Birnbaum: The culture of the White House is terribly important for all of American politics. So I was inclined to give Obama's doctrine of change the benefit of the doubt -- because it seemed to energize so many people in our country. In the past, we have seen powerful examples for the impact of such leadership: When John F. Kennedy told Americans to ask themselves what they can do for their country, he thought more about international engagement than domestic policies, but his inspiration also mobilized more political and social commitment within the US. I still think Obama can usher in similar change: His openness to scientific advice, for instance, is a modern version of Kennedy's idea to bring the "best and the brightest" into government. After eight years of Bush's anti-intellectualism many US intellectuals are breathing a sigh of relief to see a thoughtful leader in the White House who is open to arguments and to debate.

SPIEGEL ONLINE: Does Obama even have a chance to be a successful president given the severity of the current crisis?
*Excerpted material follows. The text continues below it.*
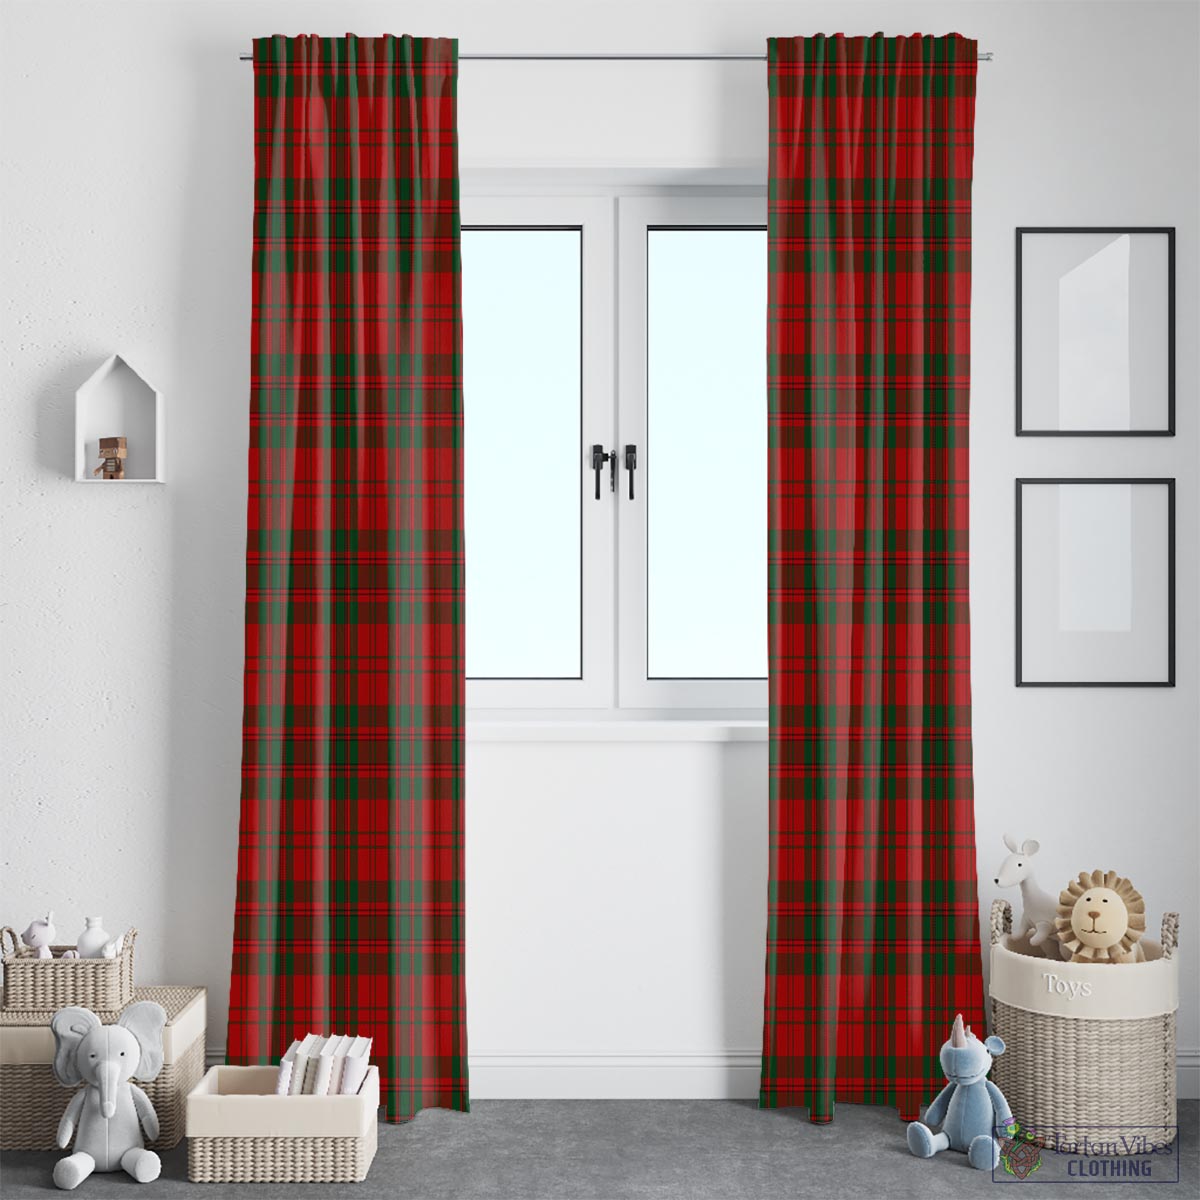 Livingston Tartan Window Curtain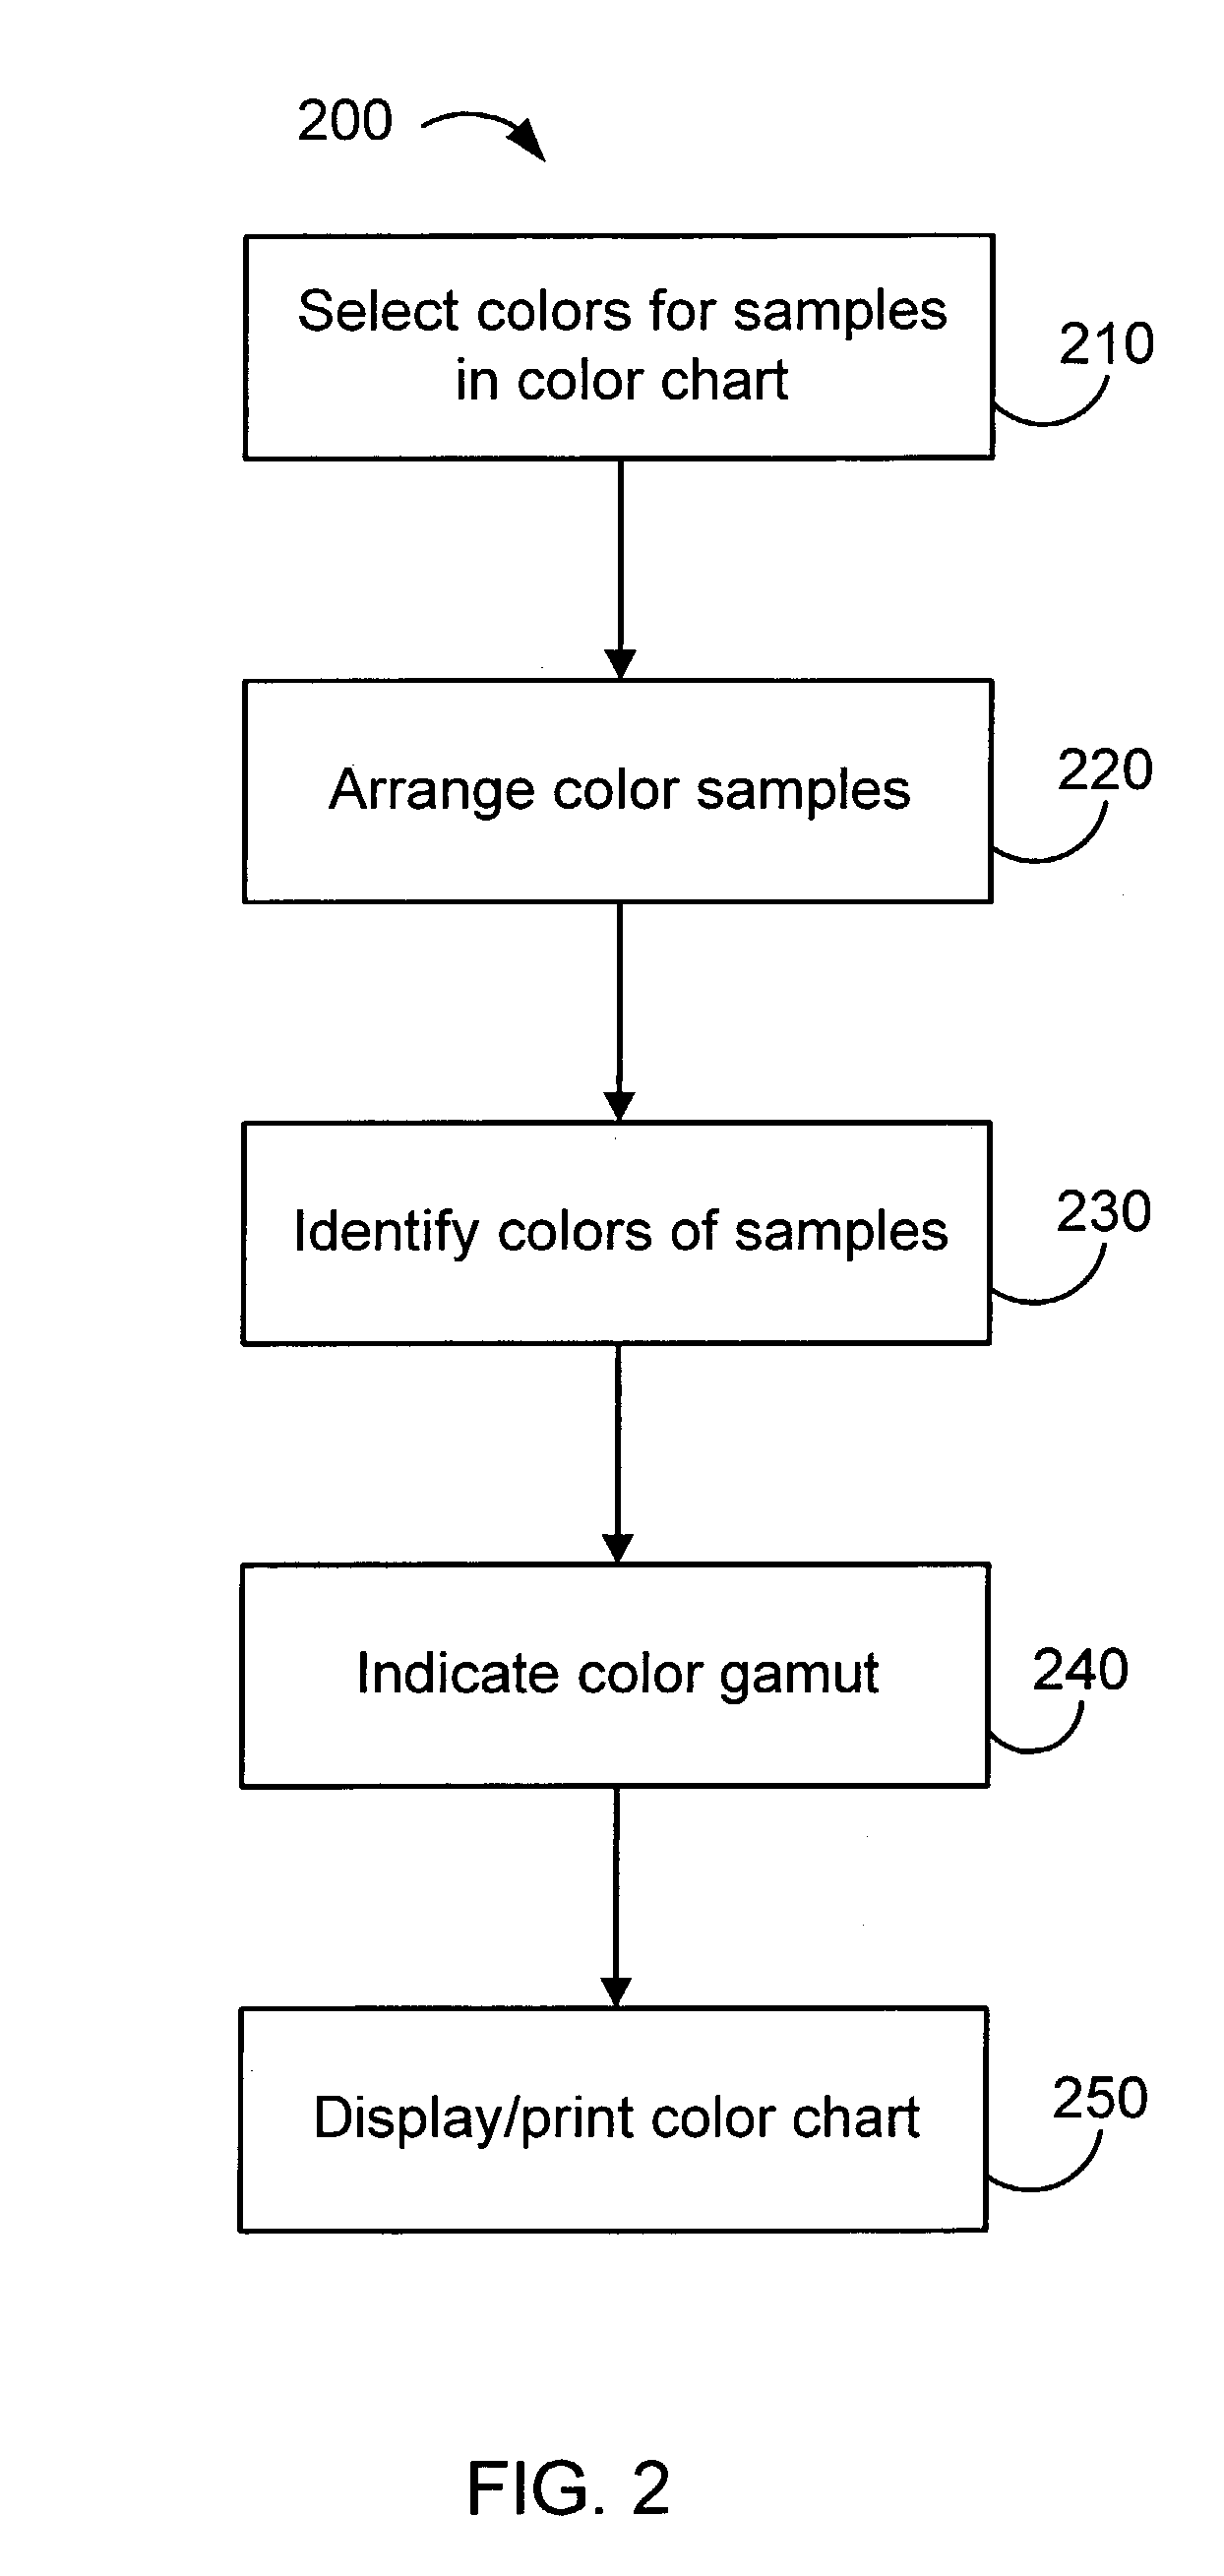 Representing color gamuts in color charts

Birnbaum: That depends on your definition of success. A successful president is not necessarily one who solves all the problems -- it's one who gives the people the impression he is on their side. Look at Franklin D. Roosevelt: He did not solve the unemployment problem with his "New Deal" program. But he gave the impression he cared and was determined to act and that brought him the popular support which made his great projects feasible. If Obama can give the impression he is not just being tossed around by events, he can be a successful president.